Task directions »
The full listing should be written out verbatim, and its images should be dropped.

Information supplied »
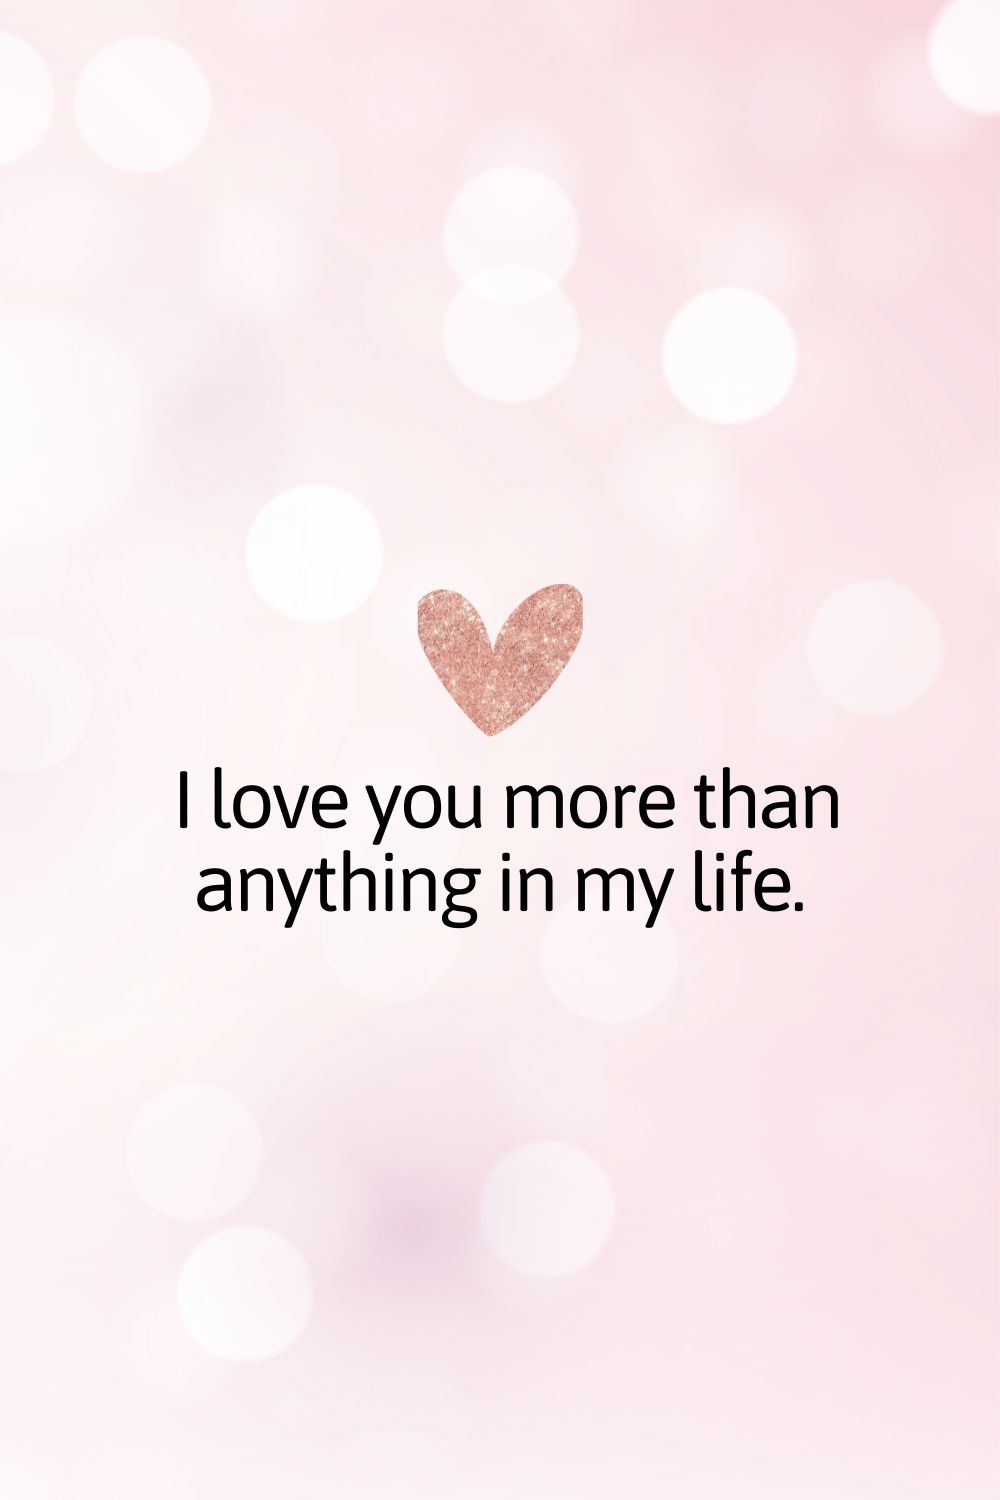 Te quiero más que a nada en mi vida
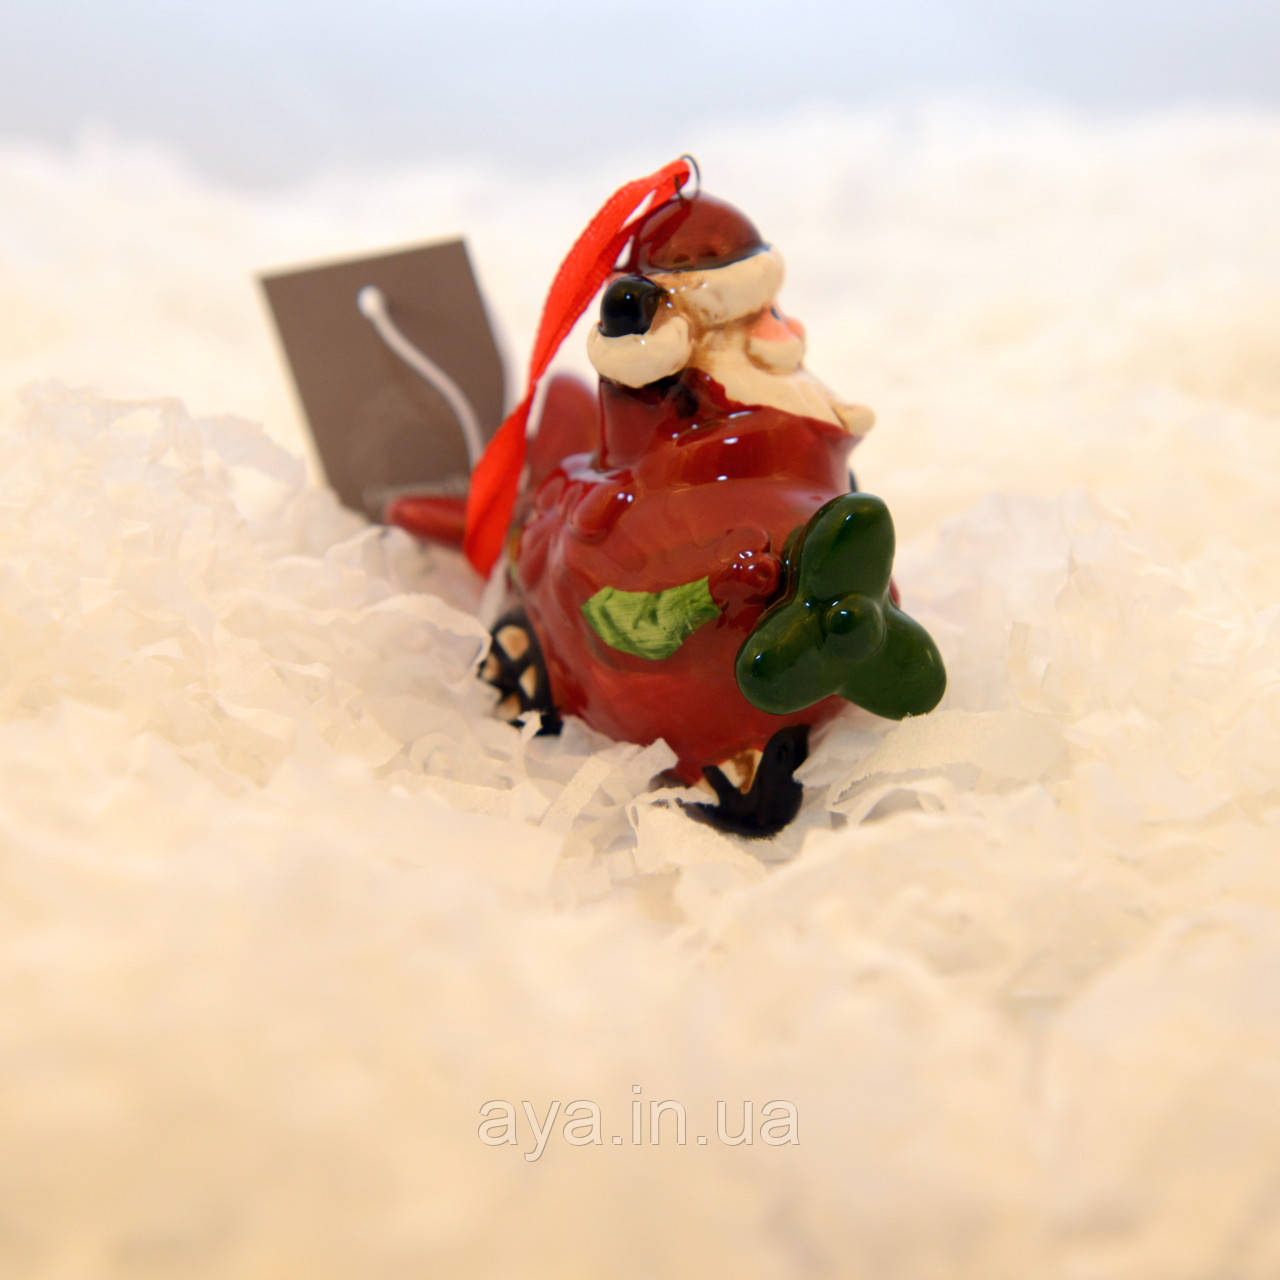 LV 183224 новорічна іграшка «Дід Мороз на літаку»
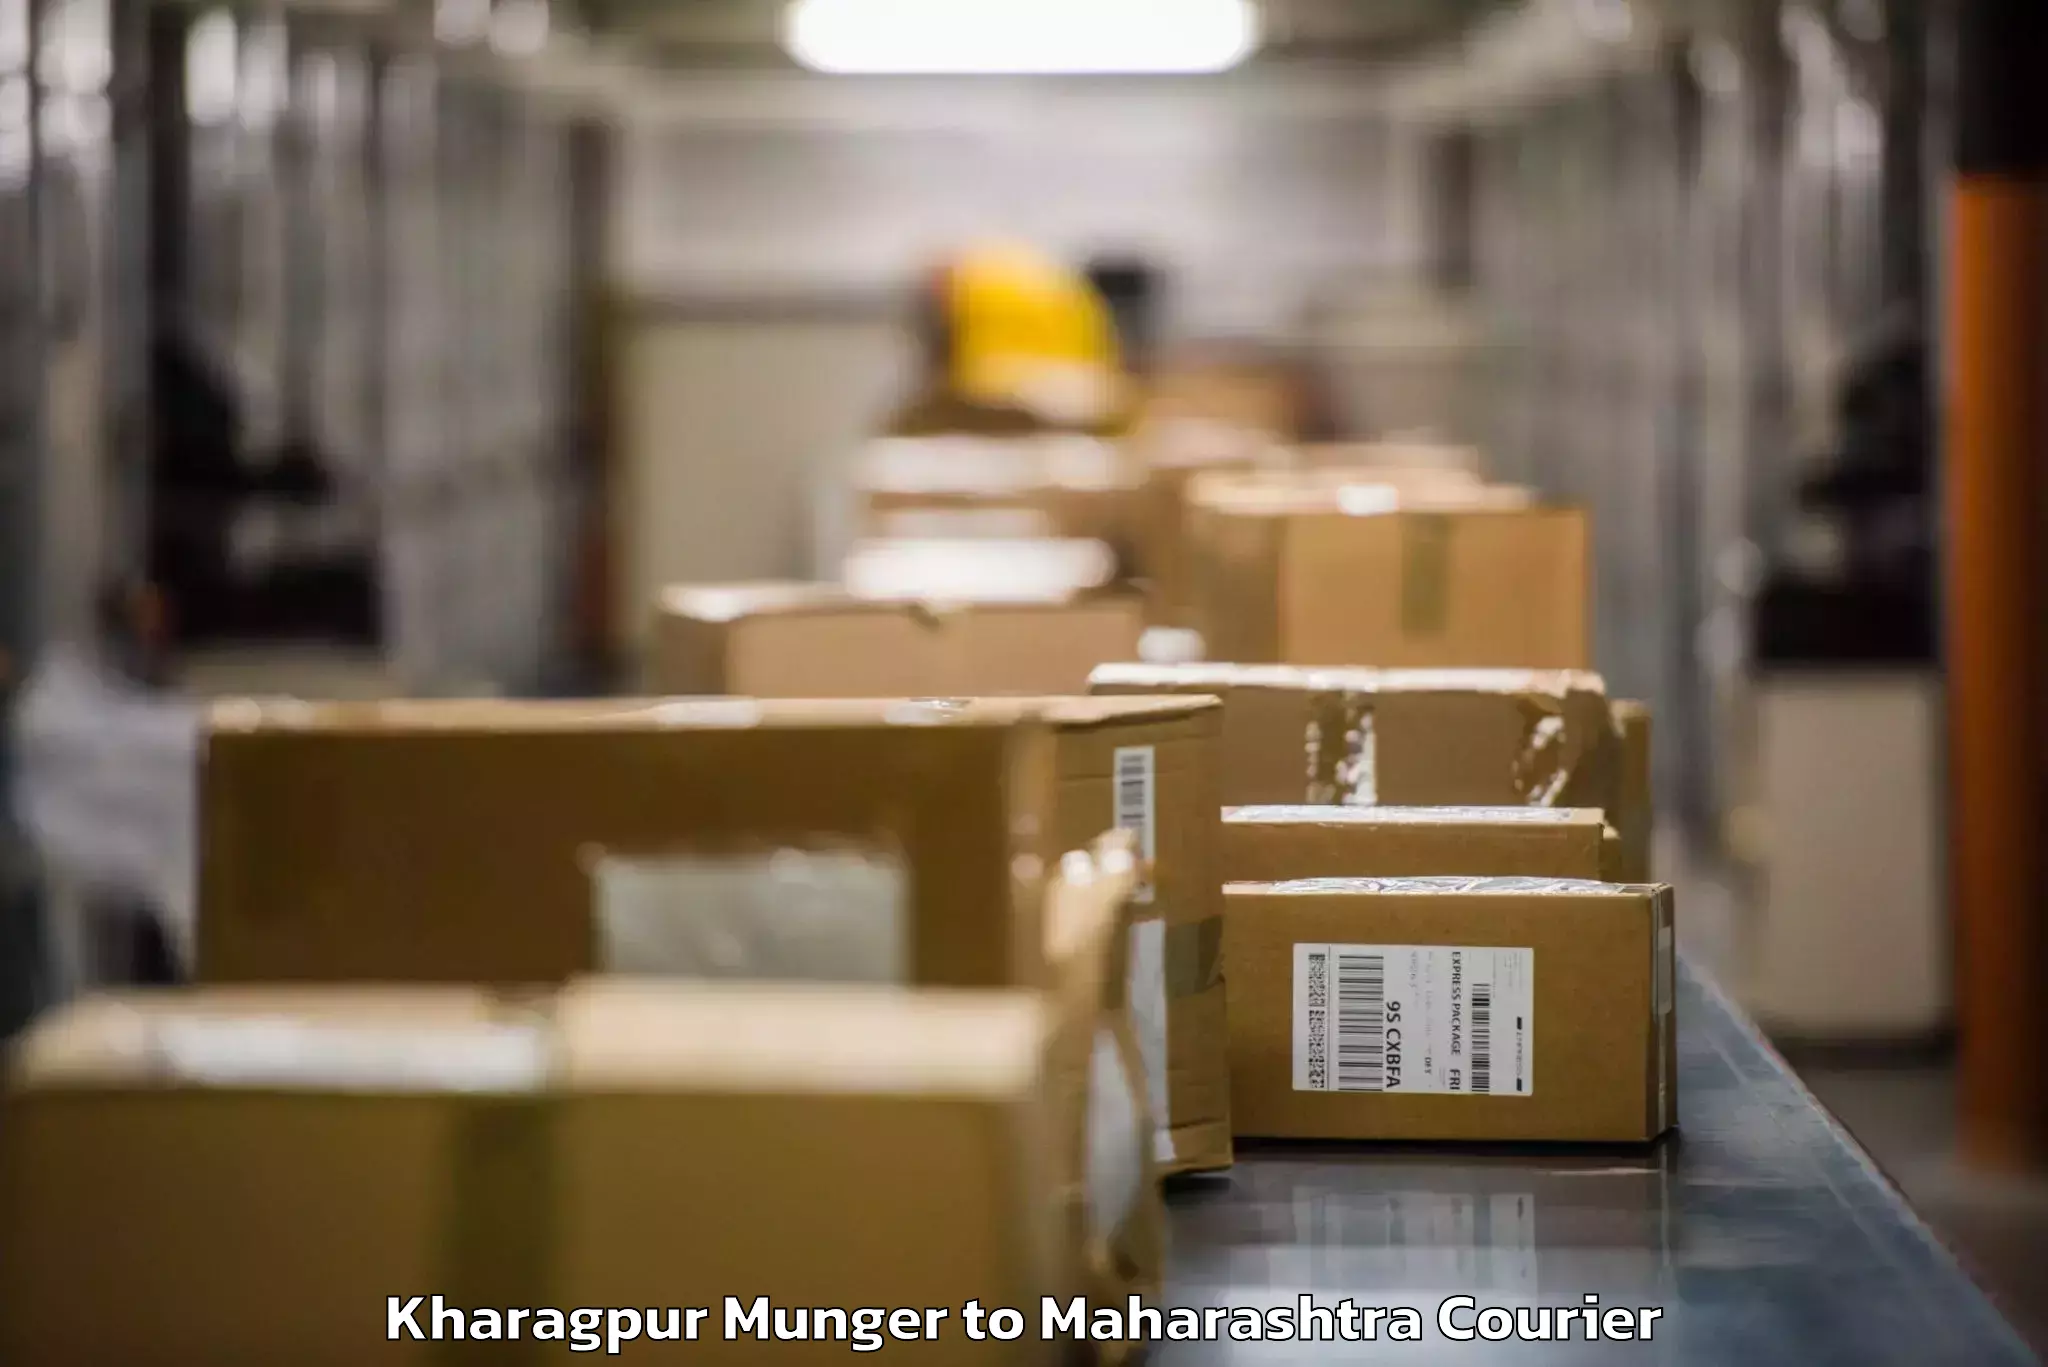 Baggage shipping calculator Kharagpur Munger to Maharashtra
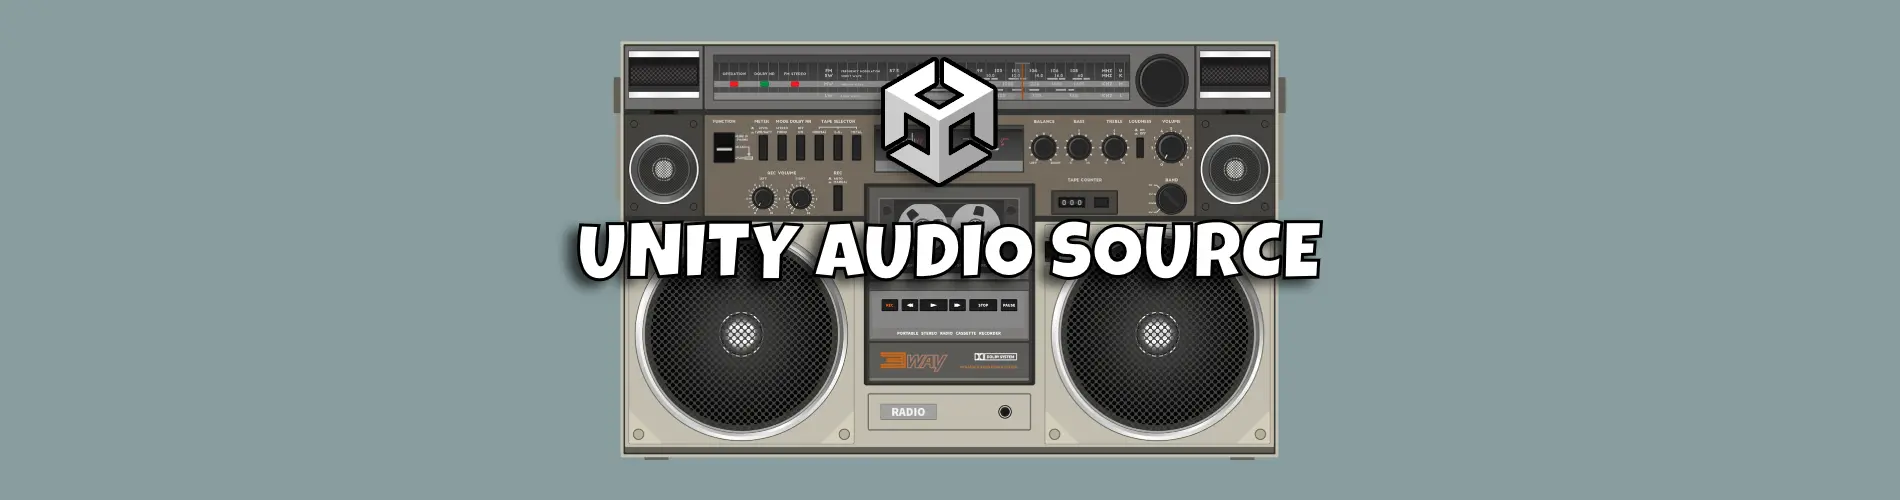 Unity audio source

Solution for this task »
 Te quiero más que a nada en mi vida
 LV 183224 новорічна іграшка «Дід Мороз на літаку»
 Baggage shipping calculator Kharagpur Munger to Maharashtra
 Unity audio source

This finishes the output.